Conduct an internal PIMS audit against ISO 27701 requirements. Perform a management review explicitly addressing privacy performance. Remediate findings from the internal audit. Engage the certification body and schedule the Stage 1 and Stage 2 audit — combined with your ISO 27001 surveillance or recertification if timing aligns.
Frequently Asked Questions
ISO 27701 is an international standard that extends ISO 27001 to cover privacy, providing a framework for building and maintaining a Privacy Information Management System (PIMS). Published in 2019, it specifies requirements for processing Personally Identifiable Information in a transparent, accountable, and demonstrably compliant manner for both PII controllers and PII processors.

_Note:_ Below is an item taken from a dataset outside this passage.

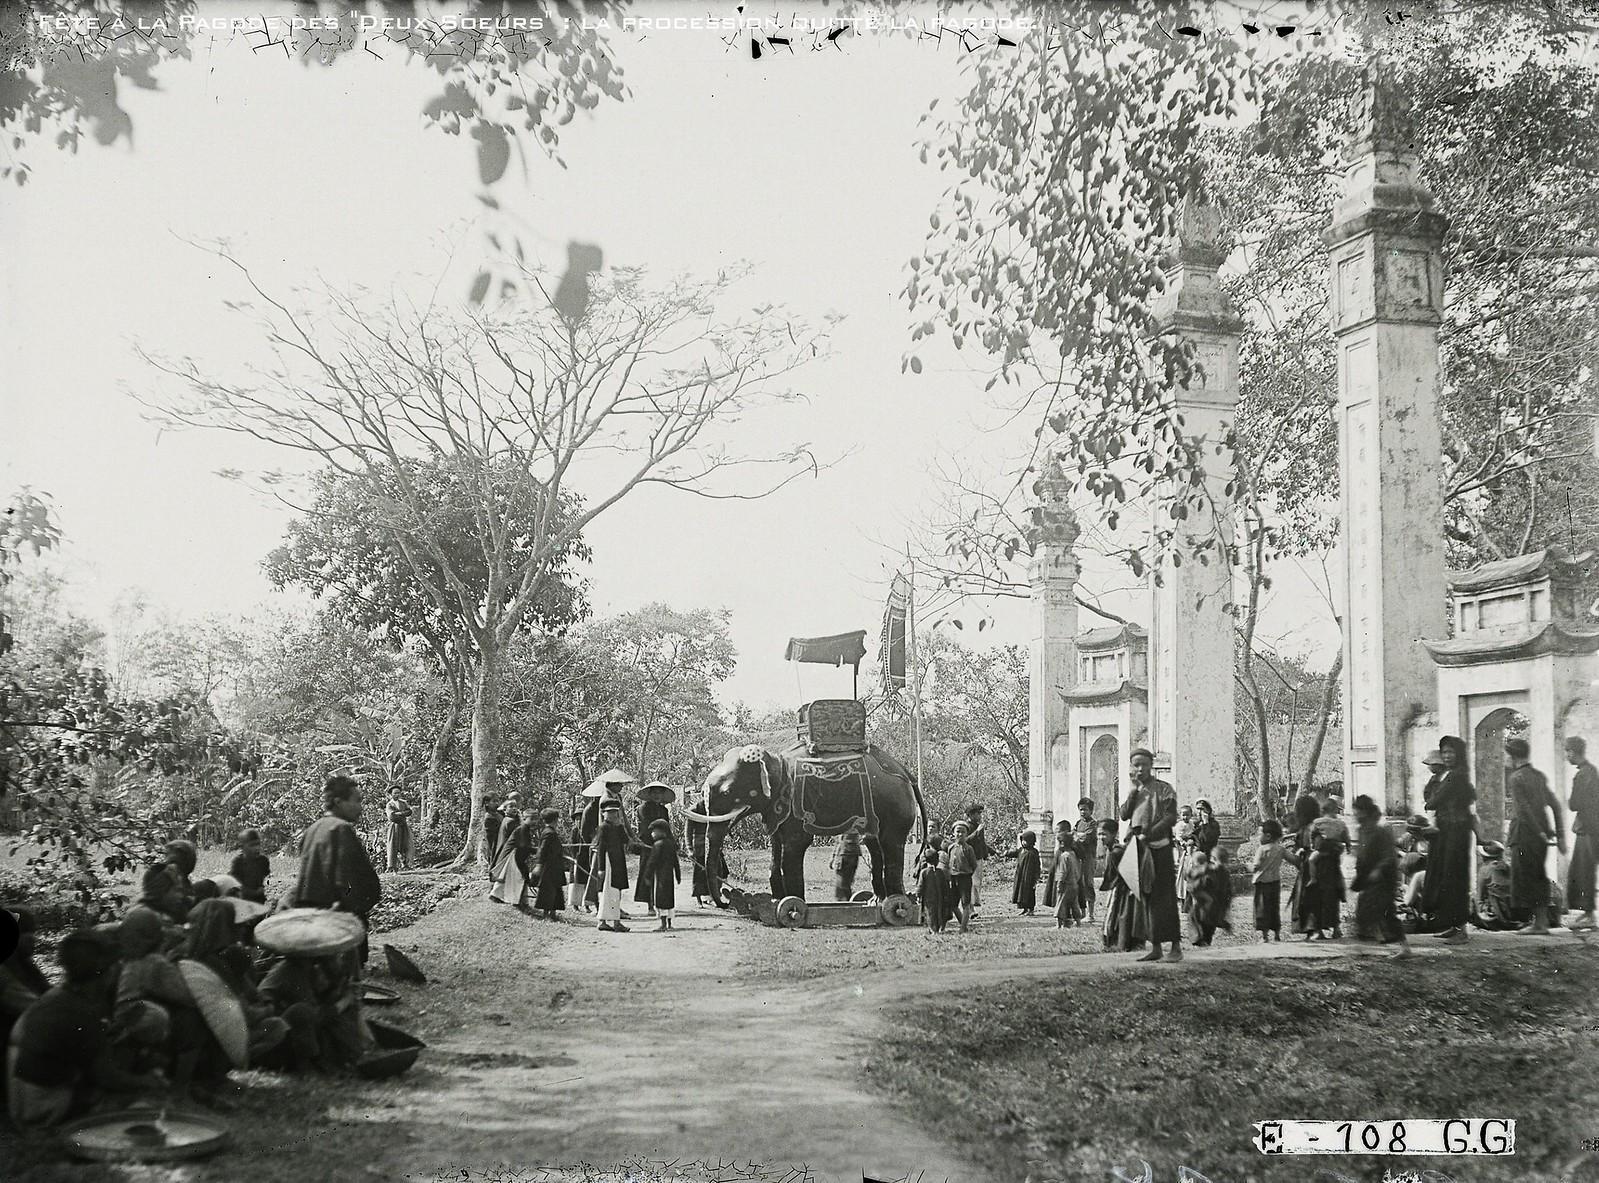 Chùm ảnh: Lễ hội đền Đồng Nhân ở Hà Nội thập niên 1920

ISO 27701 is technically an extension to ISO 27001 and cannot stand alone without it as the foundation. However, organisations do not need to achieve ISO 27001 certification first — they can pursue both certifications simultaneously in a single unified programme. For organisations already certified to ISO 27001, adding ISO 27701 requires extending the existing ISMS to cover privacy controls, not rebuilding it from scratch.
A RoPA is a documented inventory of all PII processing activities within an organisation. Required under both ISO 27701 and GDPR Article 30, each entry captures the processing purpose, legal basis, categories of data subjects and PII, recipients and third parties, retention periods, and security measures. The RoPA must be maintained as a living document with a defined owner, change management process, and regular review cycle.
No. ISO 27701 certification does not equal GDPR compliance, but ISO 27701 Annex D provides a direct article-by-article mapping to GDPR covering Articles 5, 6, 7, 13-17, 25, 28, 30, 32, 33, and 35. In practice, ISO 27701 certification is widely accepted by regulators and enterprise customers as strong evidence of GDPR compliance readiness.
For organisations starting from ISO 27001 certification, a realistic ISO 27701 implementation timeline runs 6 to 9 months across four phases: gap assessment and scoping (months 1-2), foundation controls including RoPA and processor agreements (months 3-4), operational controls including DPIAs and consent management (months 5-6), and internal audit and certification (months 7-9).